Would you restate the full listing word for word and omit its pictures?

Given data:
*** Begin section ***
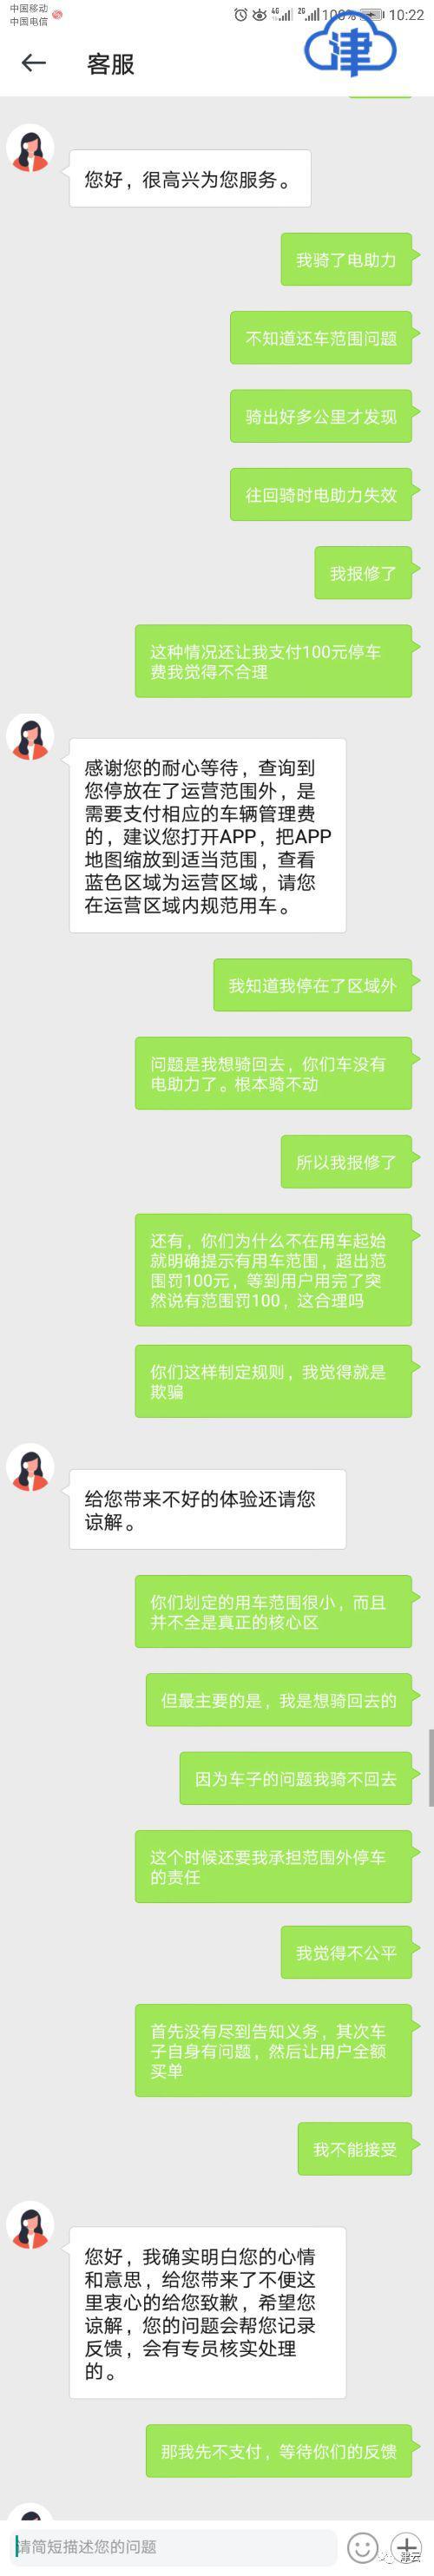 小何的在线投诉记录 制图:贾静
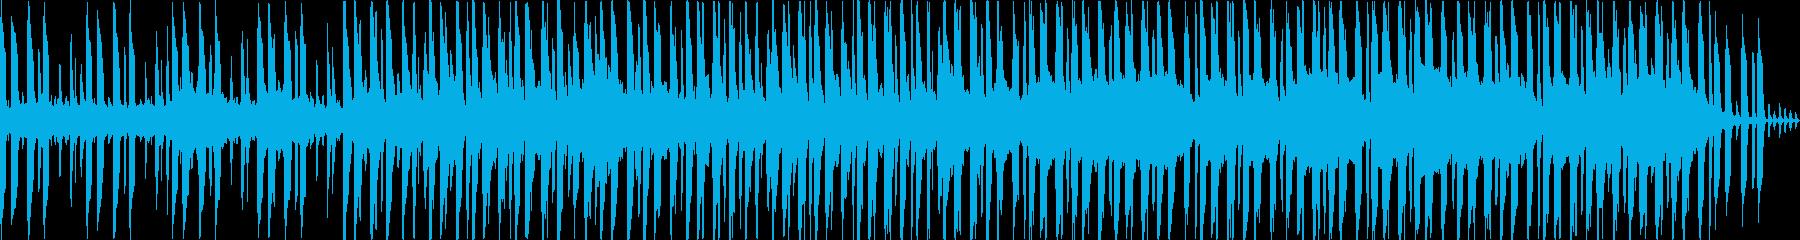 【ループ】あやしい密林を探索する民族曲の再生済みの波形
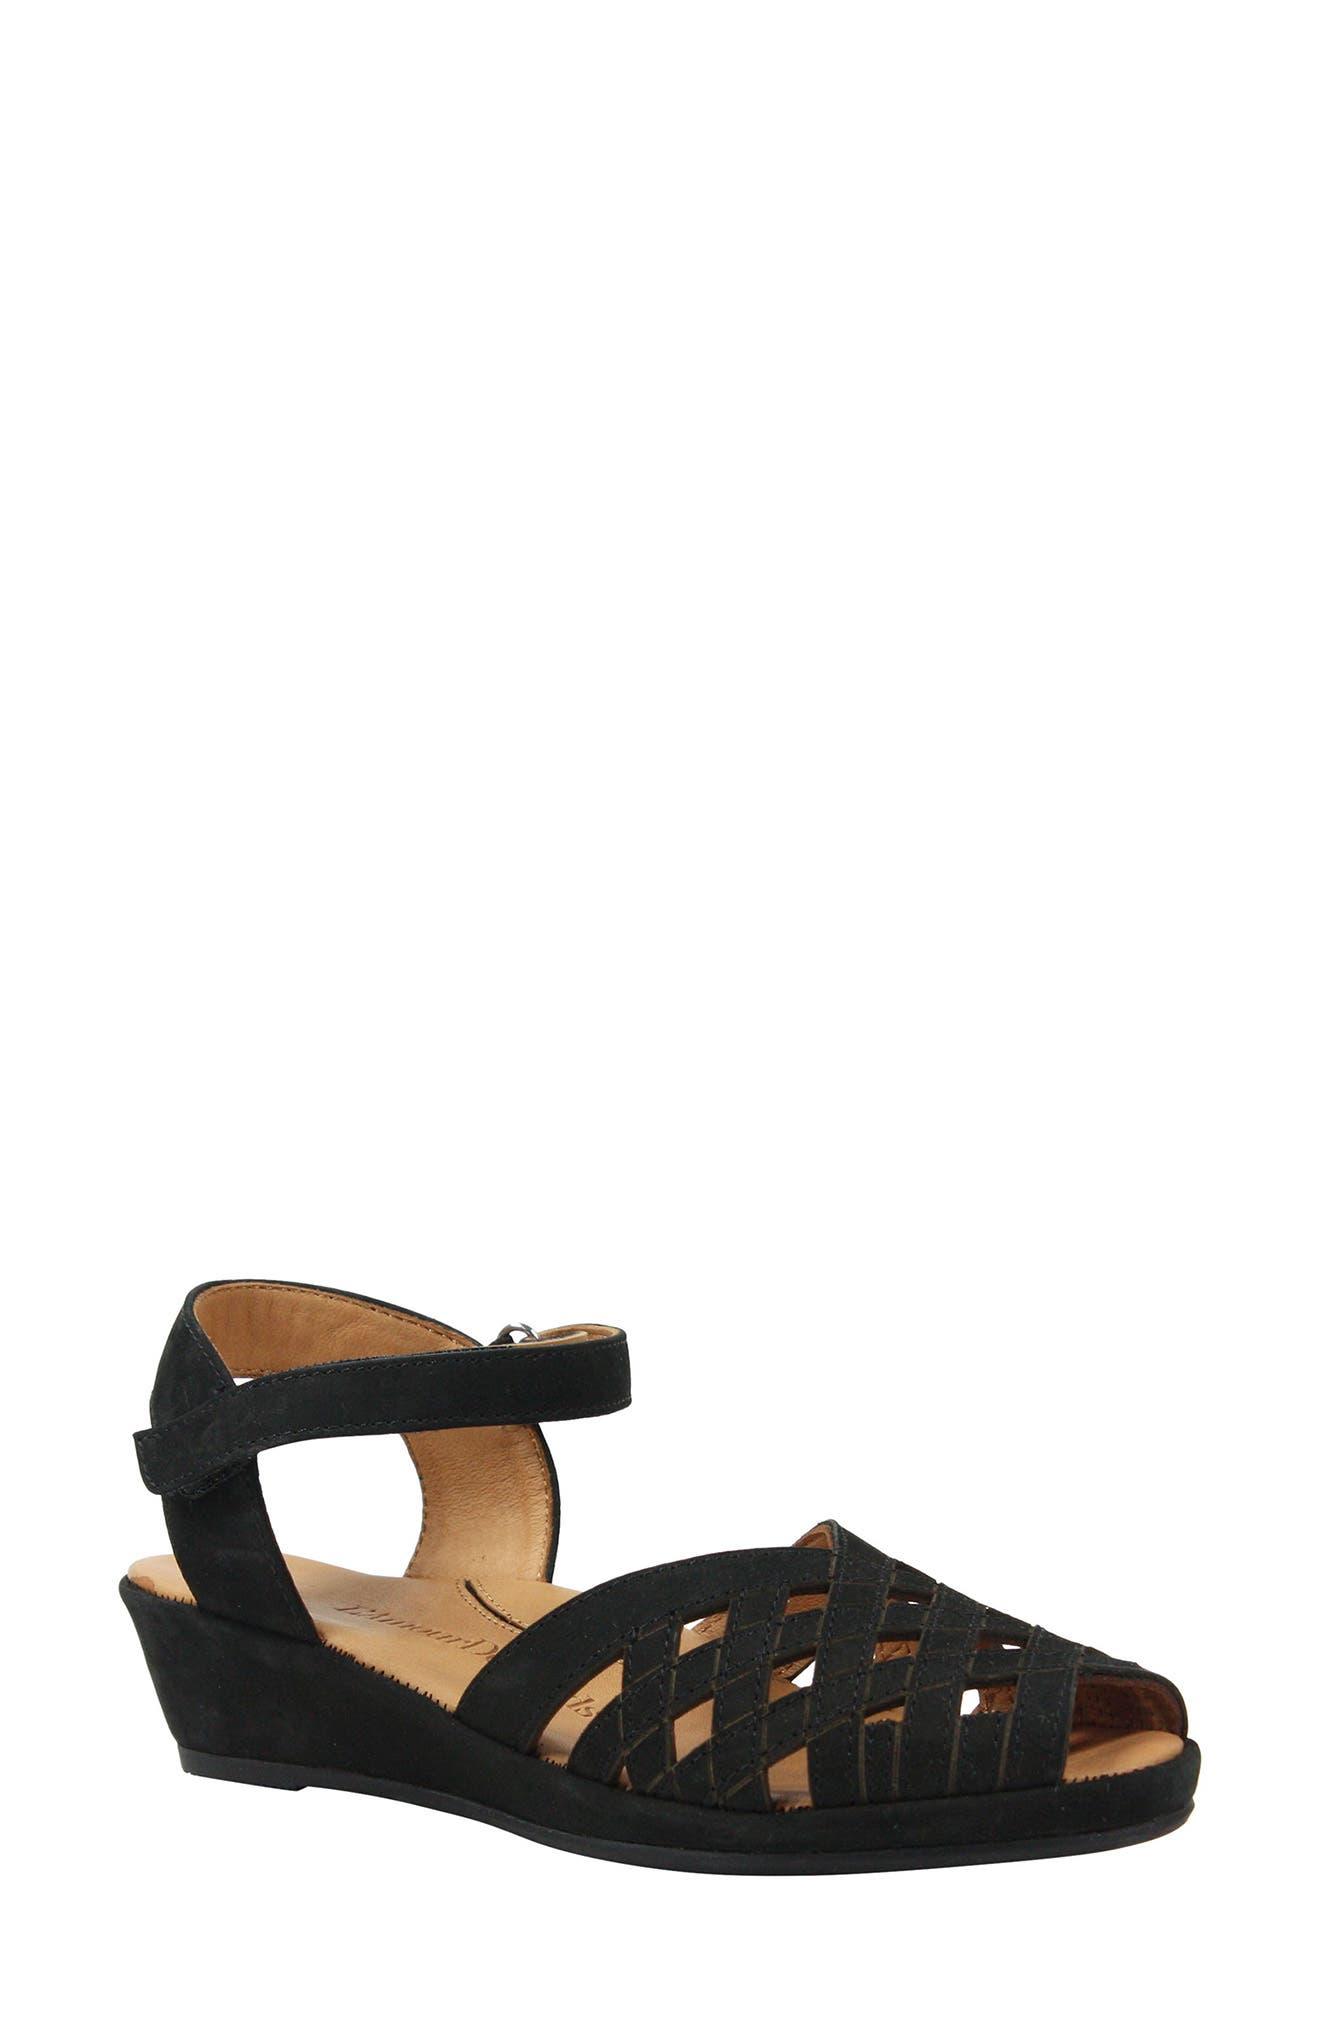 L'AMOUR DES PIEDS, Burcie Wedge Sandal, Main thumbnail 1, color, BLACK NUBUCK LEATHER
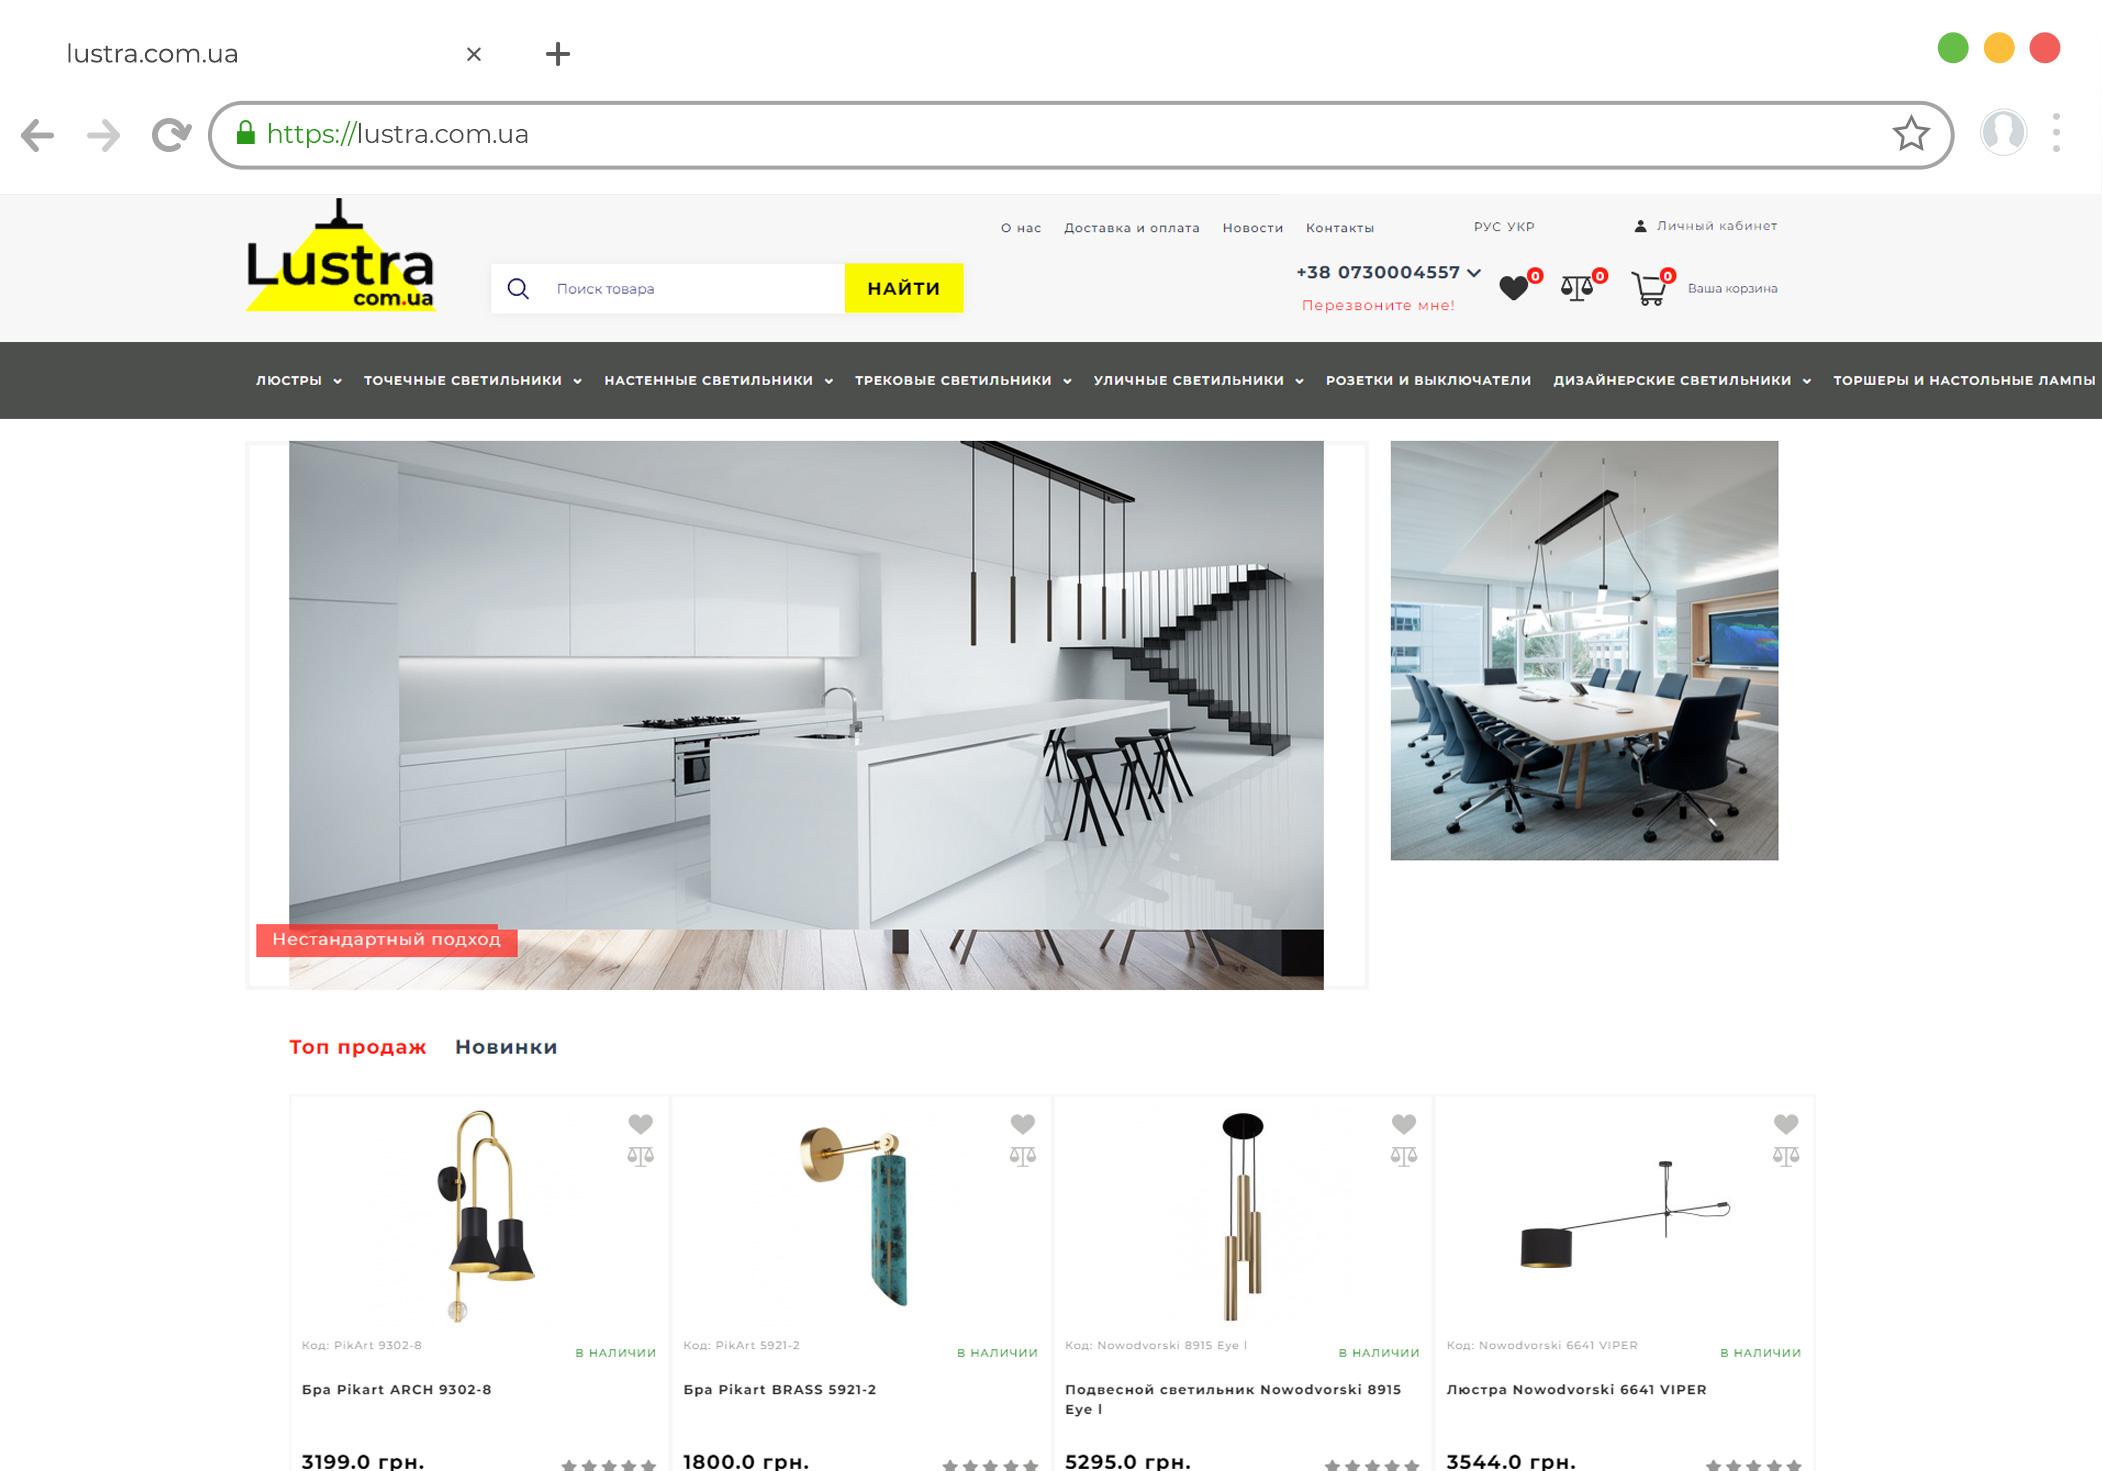 Разработка сайта по продаже освещения в Украине lustra com ua
*** End section ***
Completed exercise:
 小何的在线投诉记录 制图:贾静
 【ループ】あやしい密林を探索する民族曲の再生済みの波形
 L'AMOUR DES PIEDS, Burcie Wedge Sandal, Main thumbnail 1, color, BLACK NUBUCK LEATHER
 Разработка сайта по продаже освещения в Украине lustra com ua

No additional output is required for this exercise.